Collection entries
════════

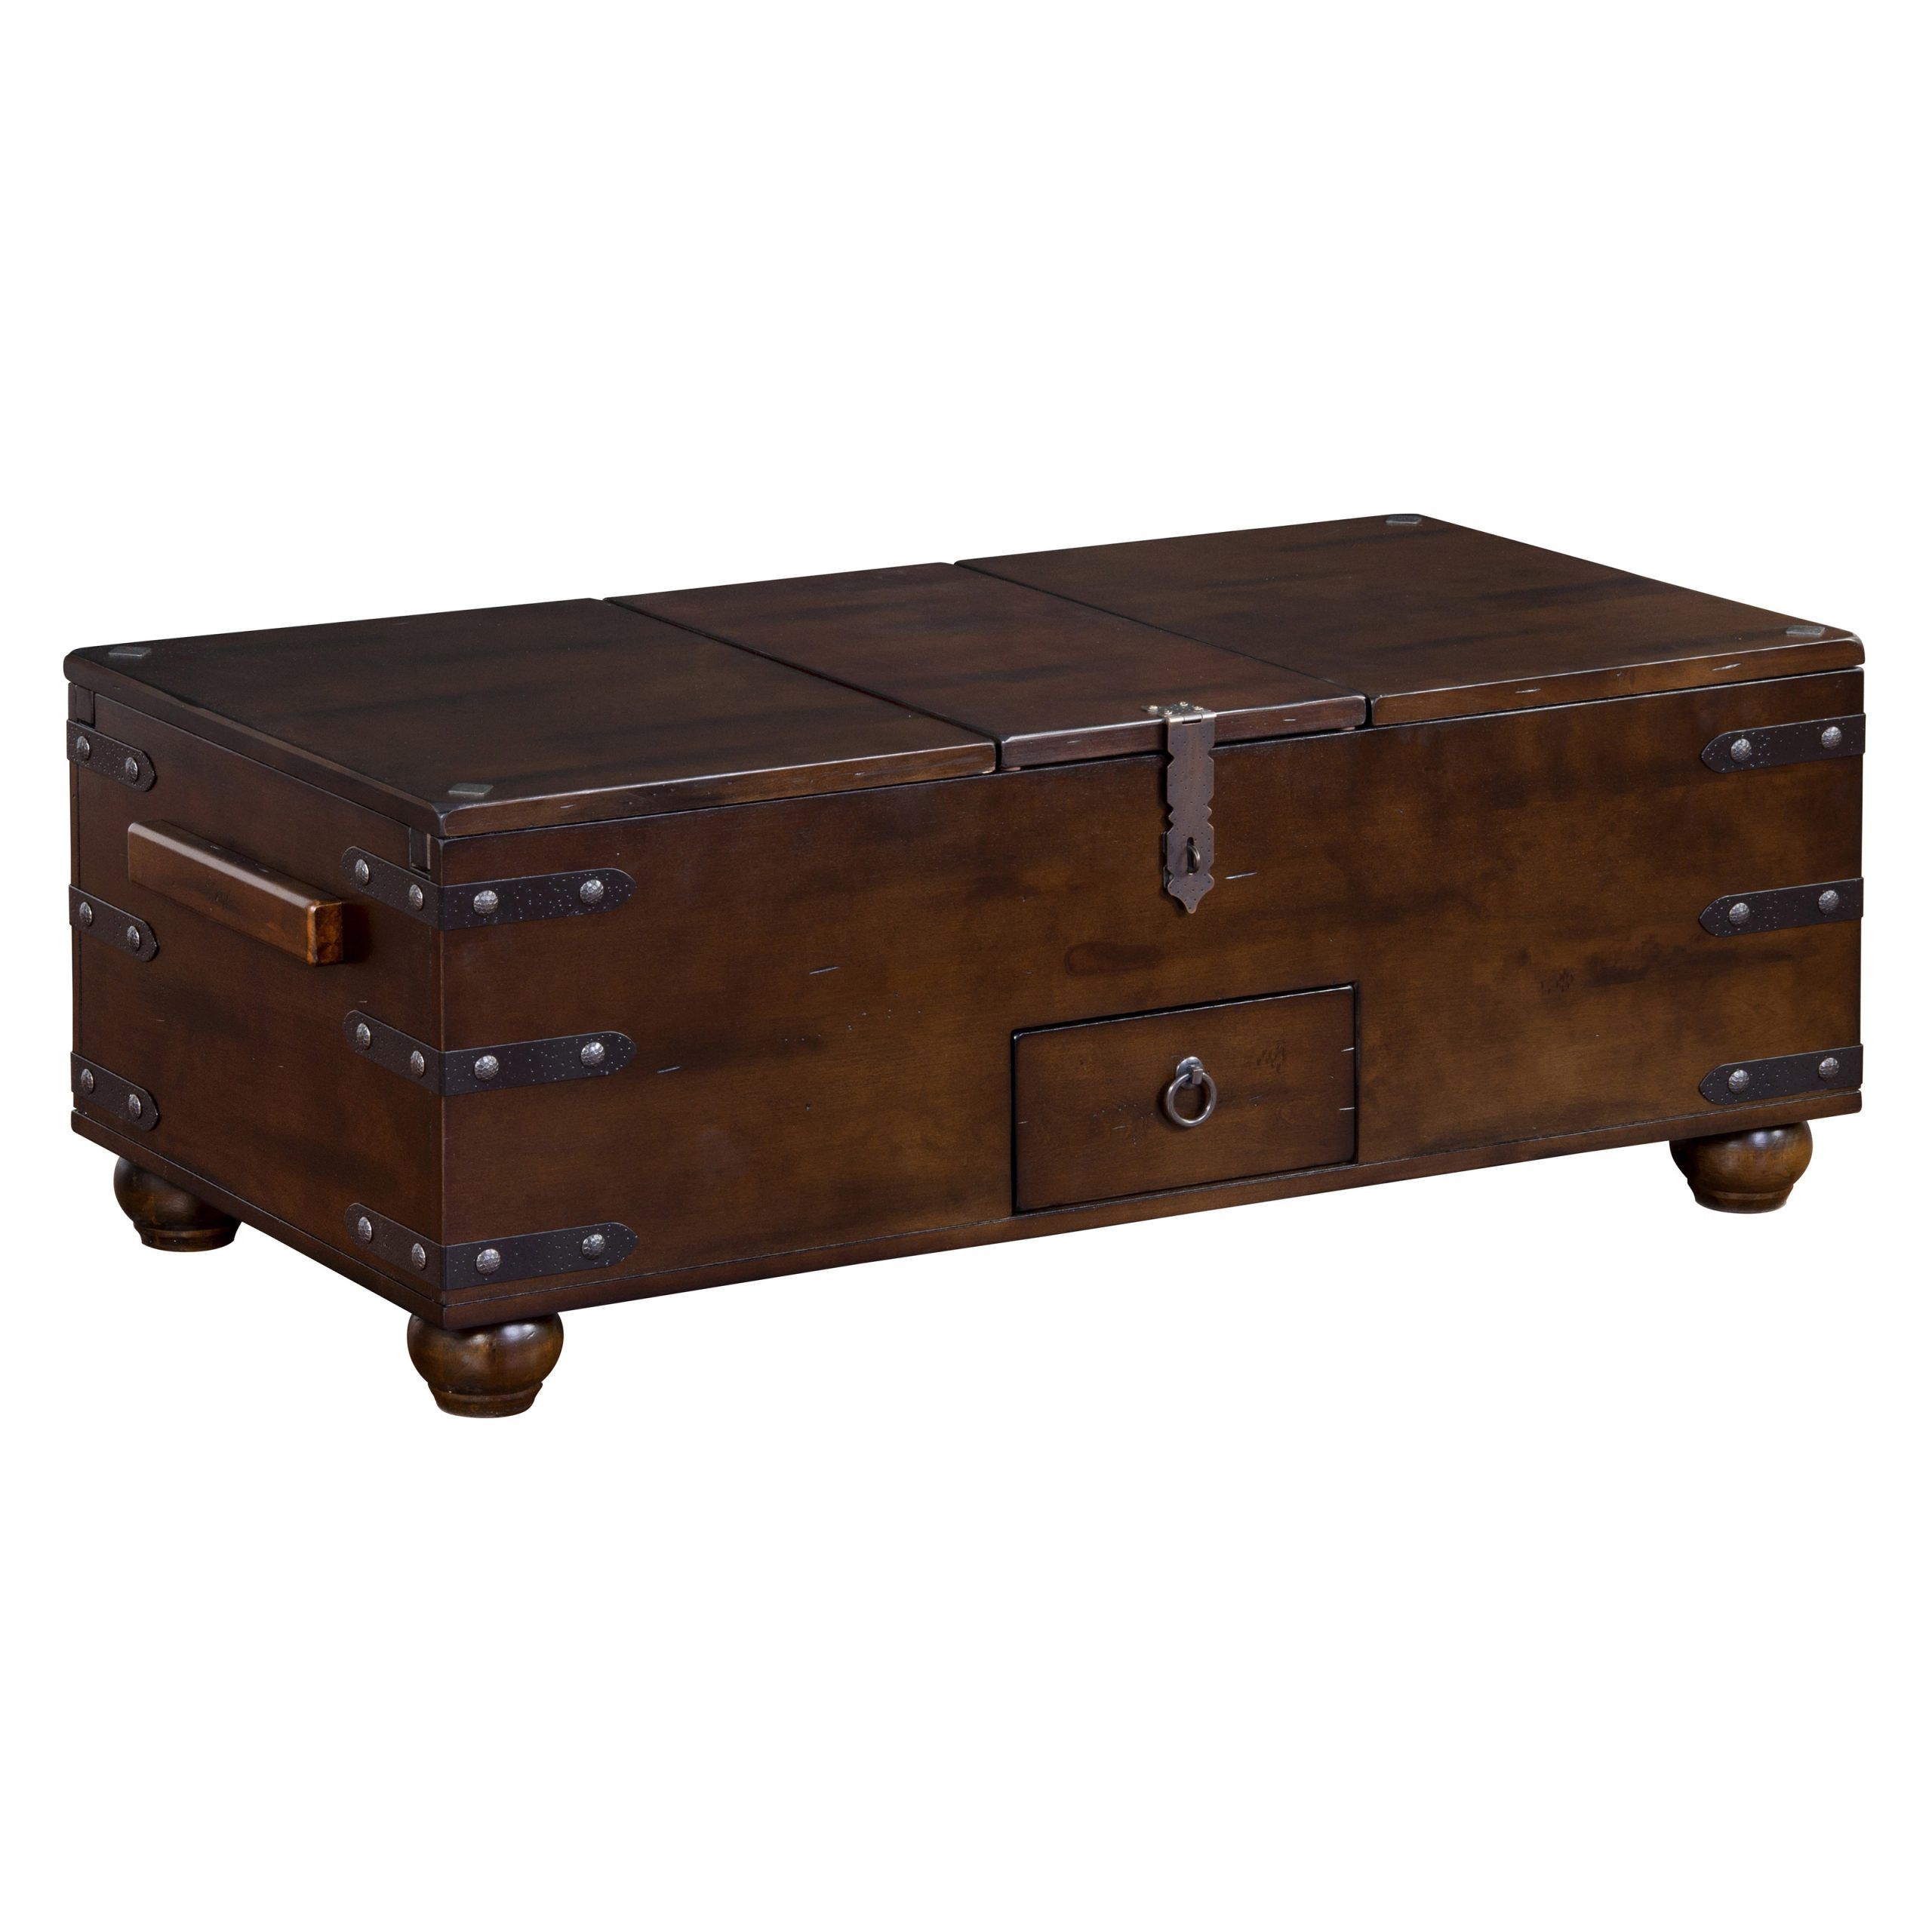 Sunny Designs Santa Fe Trunk Coffee Table – Coffee Tables Pertaining To Preferred Espresso Wood Trunk Cocktail Tables (View 13 of 20)
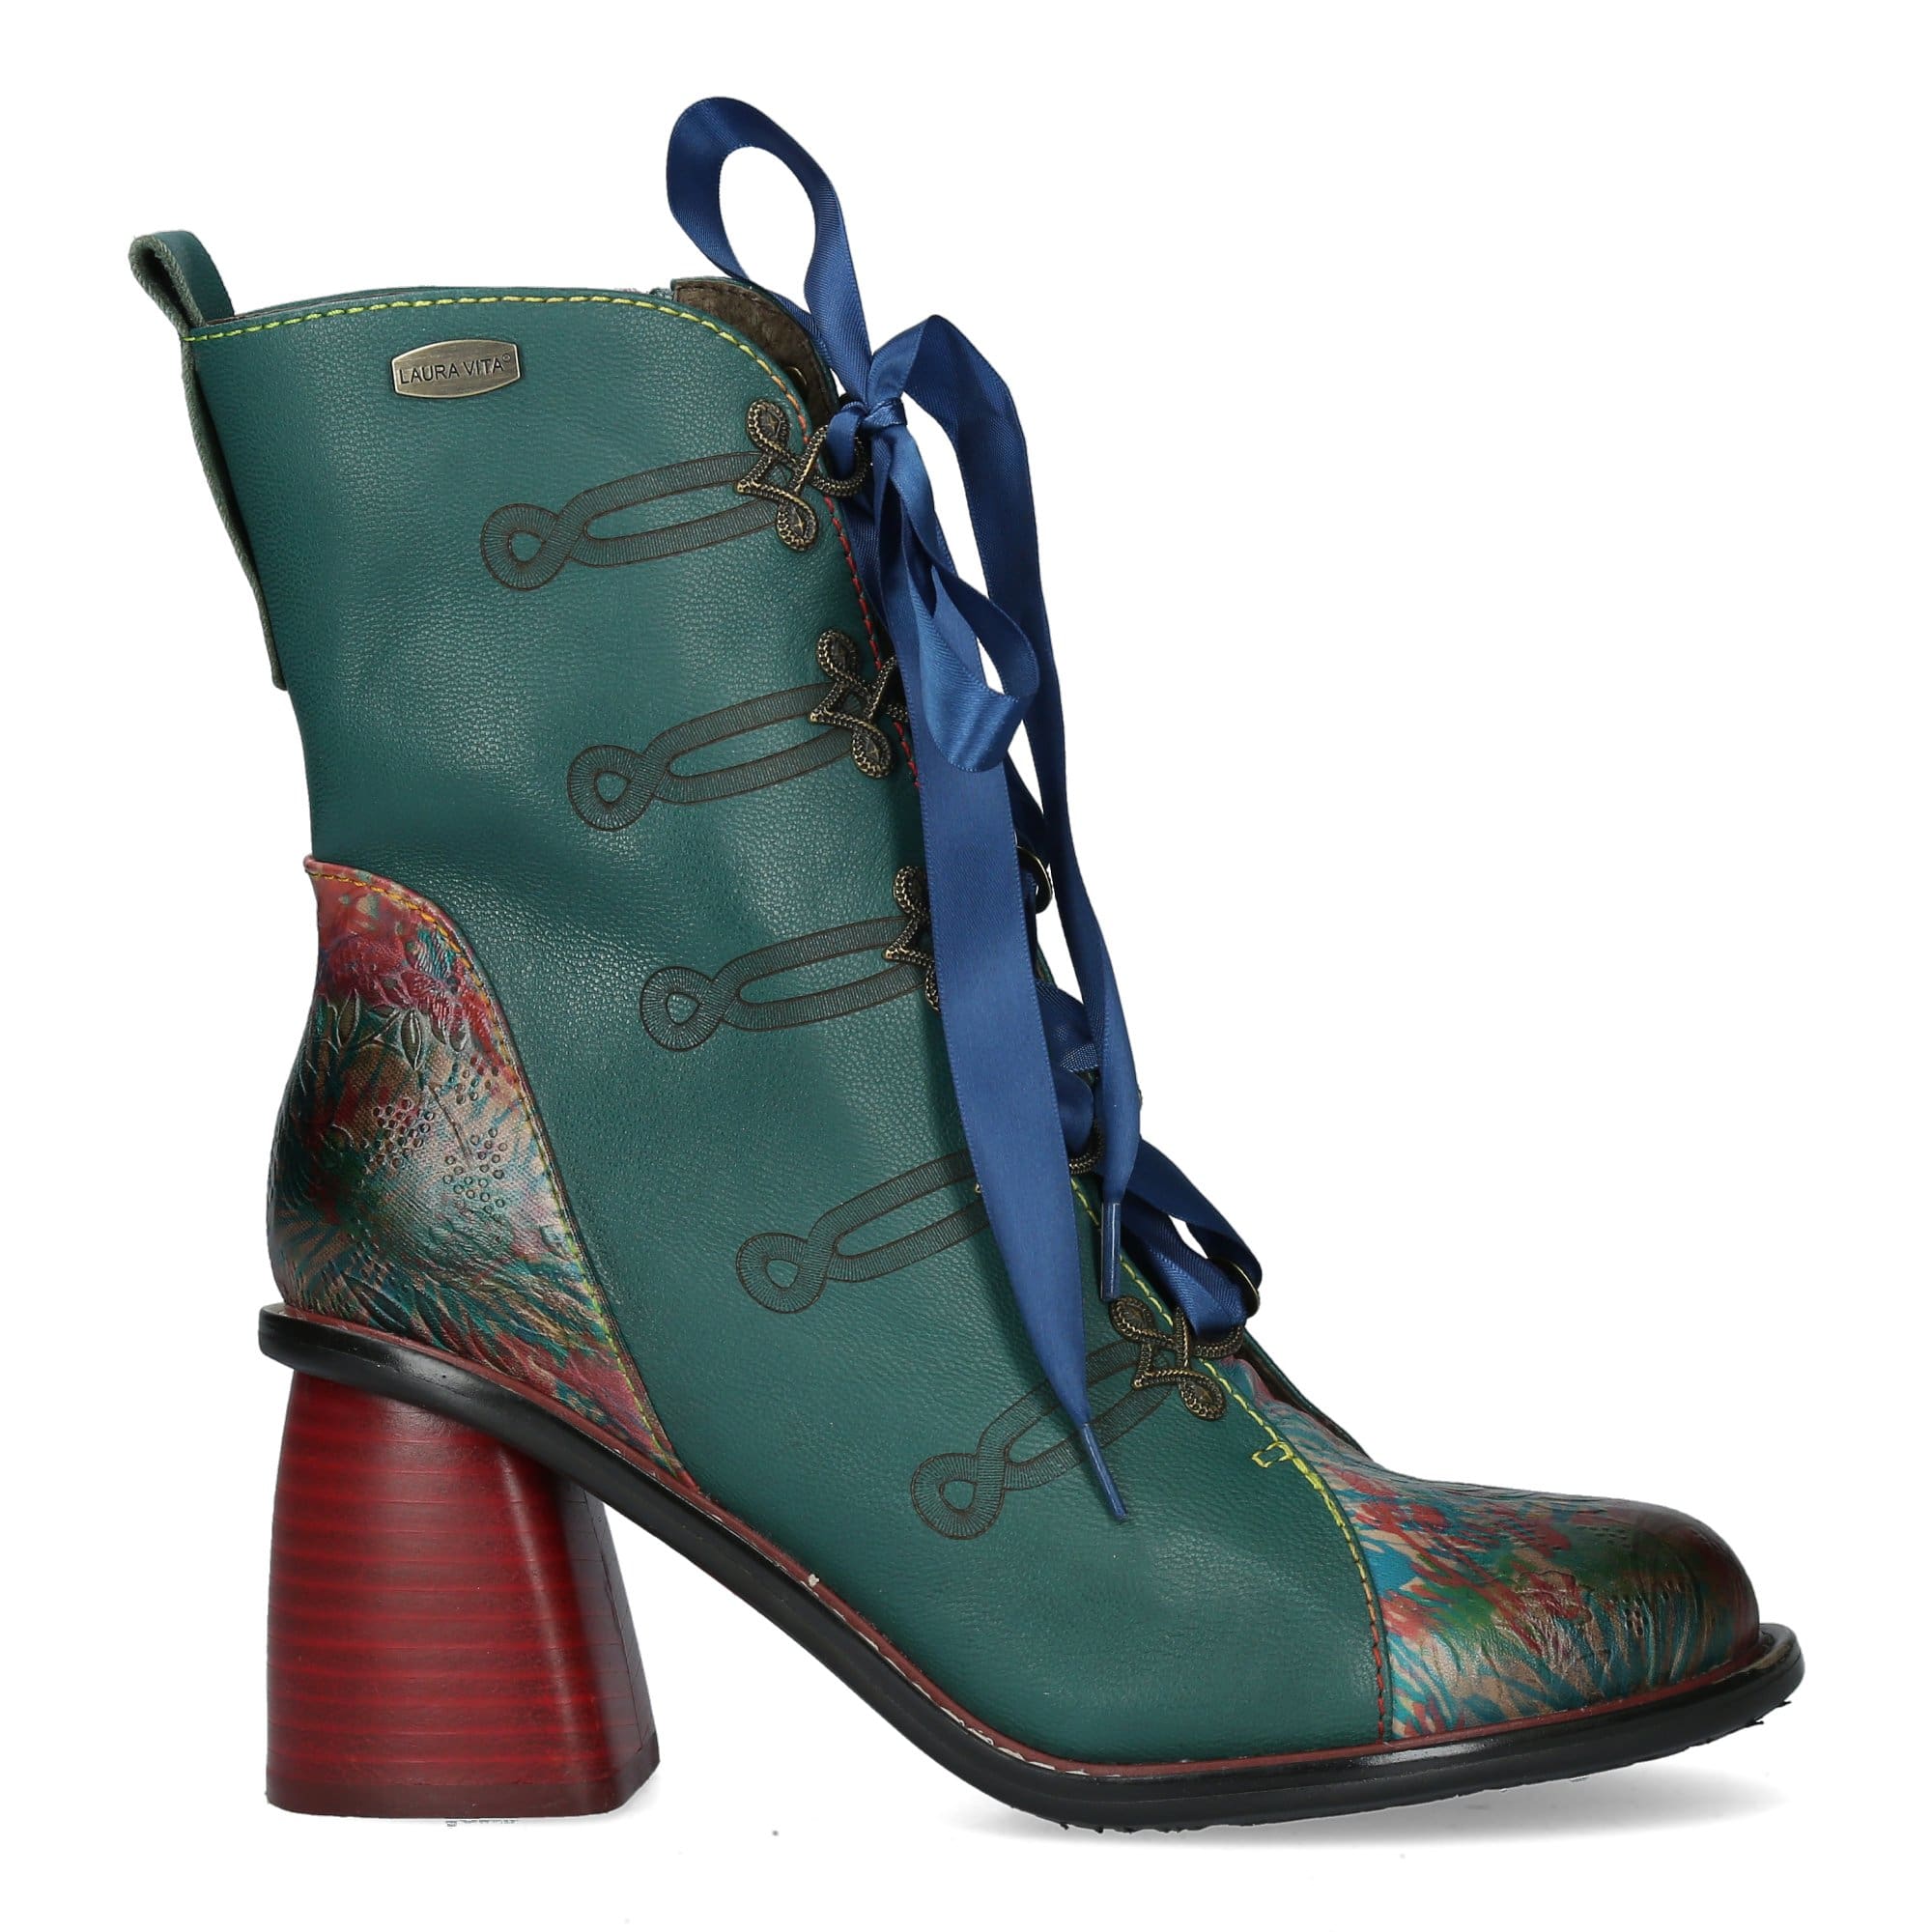 Chaussure EVCAO 01 - 35 / Turquoise - Boots
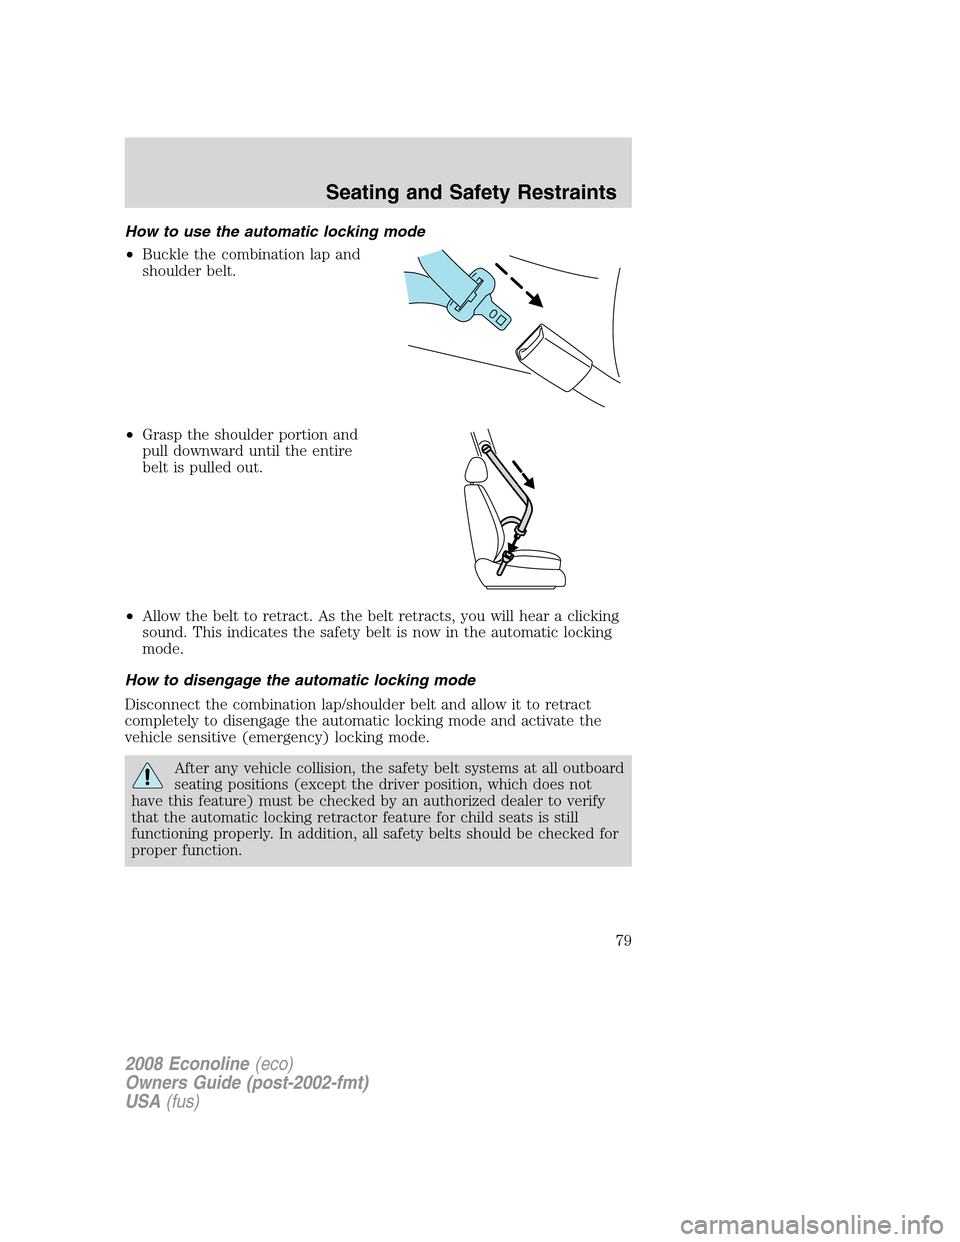 FORD E SERIES 2008 4.G Owners Manual How to use the automatic locking mode
•Buckle the combination lap and
shoulder belt.
•Grasp the shoulder portion and
pull downward until the entire
belt is pulled out.
•Allow the belt to retract

════════

• **What you should do**
In the lines above, find the word "belt" and copy each line that contains it.

• **The answer**
shoulder belt.
belt is pulled out.
•Allow the belt to retract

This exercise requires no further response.